Sooraj Santhosh (born September 19, 1987) is an Indian singer, songwriter, and composer. Santhosh is the recipient of a Kerala State Film Award (2016), 2 Mirchi Music Awards, and a Kerala State Film Critics Award (2021). He has sung around 300 songs in 8 languages.

Santhosh released his independent solo EP, The Gypsy Sun, in 2020. It's a multi-genre, multi-lingual album that consists of 5 songs.

Santhosh was the lead singer and has composed and performed with Masala Coffee until 2019, when he decided to dedicate more time to his own creative endeavors. Now he performs with his own band, Sooraj Santhosh Live.

==Career==
In 2016, he was awarded the Kerala State Film Award for Best Playback Singer for the song "Thaniye", composed by Vishnu Vijay for the film Guppy.

Santhosh's first international project was with Ganesh B Kumar and the European Chamber Choir. He performed the Shanmukha Kavacham in Germany along with the Choir.

=== Independent Music ===
In 2019, Santhosh started work on his solo independent EP, The Gypsy Sun, which had five songs in it. It's a multi-lingual album with tracks in Malayalam, Hindi and Tamil. He collaborated with musicians from across genres for this, like the hiphop artist Insanoid, music producer Varkey, and the renowned singer Sayanora.

=== Masala Coffee ===
Santhosh was the former lead vocalist of Masala Coffee, which made its debut on Kappa TV's Music Mojo. The band composed the soundtrack for the Tamil movie, Uriyadi, co-produced by Nalan Kumarasamy. They composed the title track and featured in a promo video for the Malayalam movie, Hello Namasthe. Masala Coffee performed at the RAAG 'N' ROCK Indie Music Festival at Al Nasr Leisureland, Dubai, on September 11, 2015, releasing their first music video titled 'Aalayaal Tharam Venam', in 2016. In November 2019, Masala Coffee announced that they were cordially parting ways with Santhosh, so the latter could pursue a promising solo music career. He made his independent band latter which came to know as Sooraj Santhosh Live

His first song "Inka Etho" composed by G.V Prakash for the Telugu Darling won him the Mirchi Music Awards South conducted by Radio Mirchi for the Best Upcoming Singer in Telugu (2010). "A Special program on the Mirchi Music Awards hosted to felicitate all the singers and musicians of South India"

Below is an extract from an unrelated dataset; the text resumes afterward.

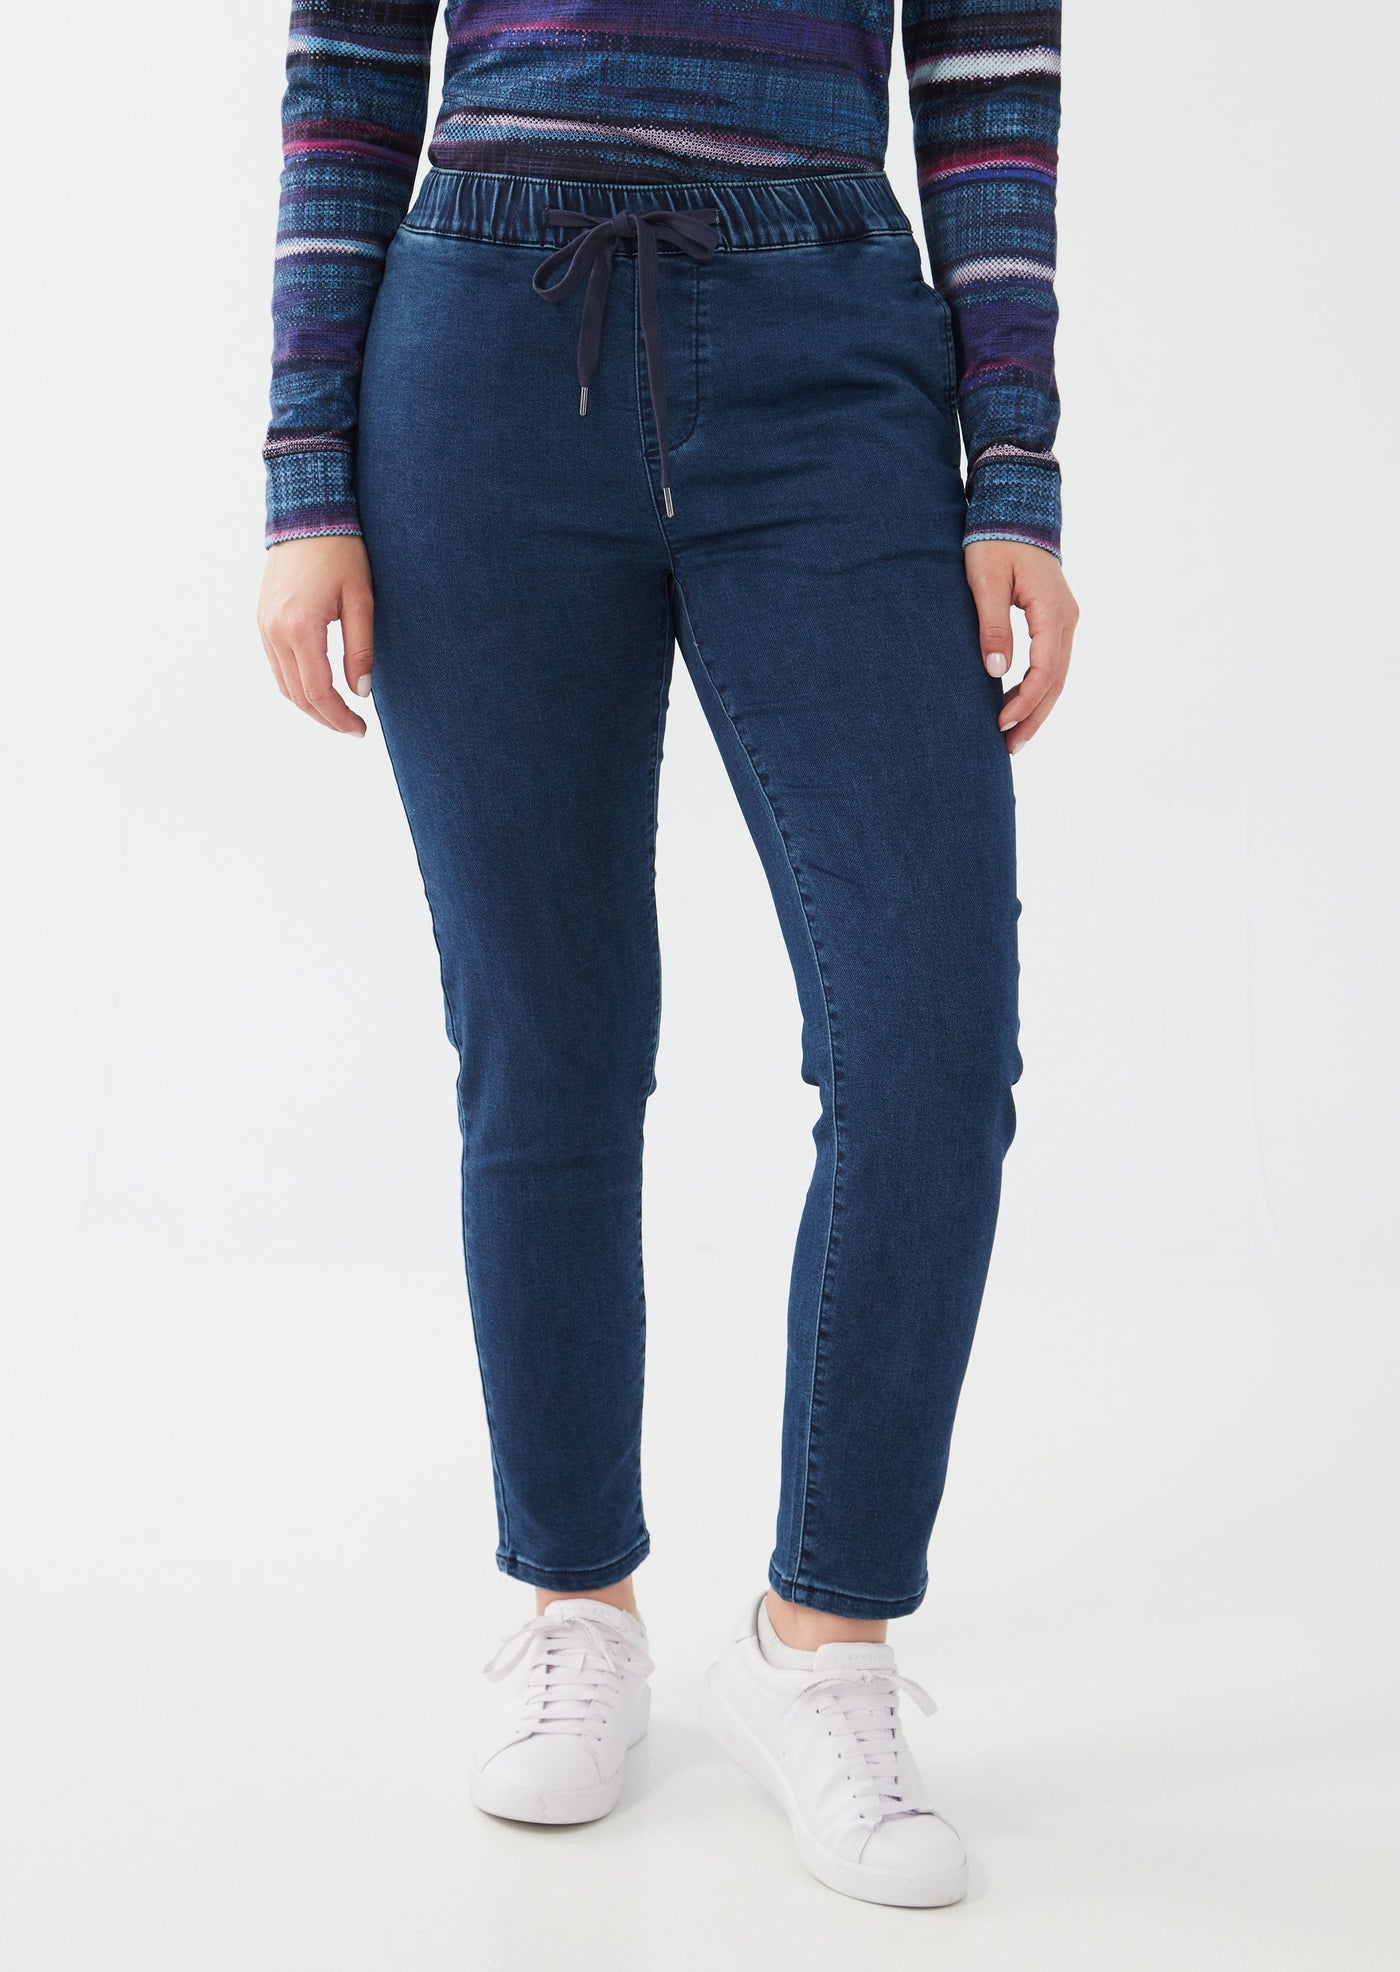 French Dressing Jeans - Pull On Jogger

Santhosh made his entry into the Tamil film industry by singing "Uyirin Suvaril" and "Vegam vegam" in the movie Sridhar (2012), which the music was composed by Rahul Raj. He got his break with a duet song "Yamma Yamma" in All in All Azhagu Raja (2013) with Shreya Ghoshal, music composed by S. Thaman. "Othakadai othakadai" and "Yaelley Yaelley" from the film Pandiya Naadu (2013) composed by D. Imman are other Tamil songs.

He has been nominated in the category of Best Upcoming Vocalist (Male) in Malayalam (2013) by Music Mirchi Awards, for his rendition of the song 'Iniyum Nin Mounam' for the movie KQ.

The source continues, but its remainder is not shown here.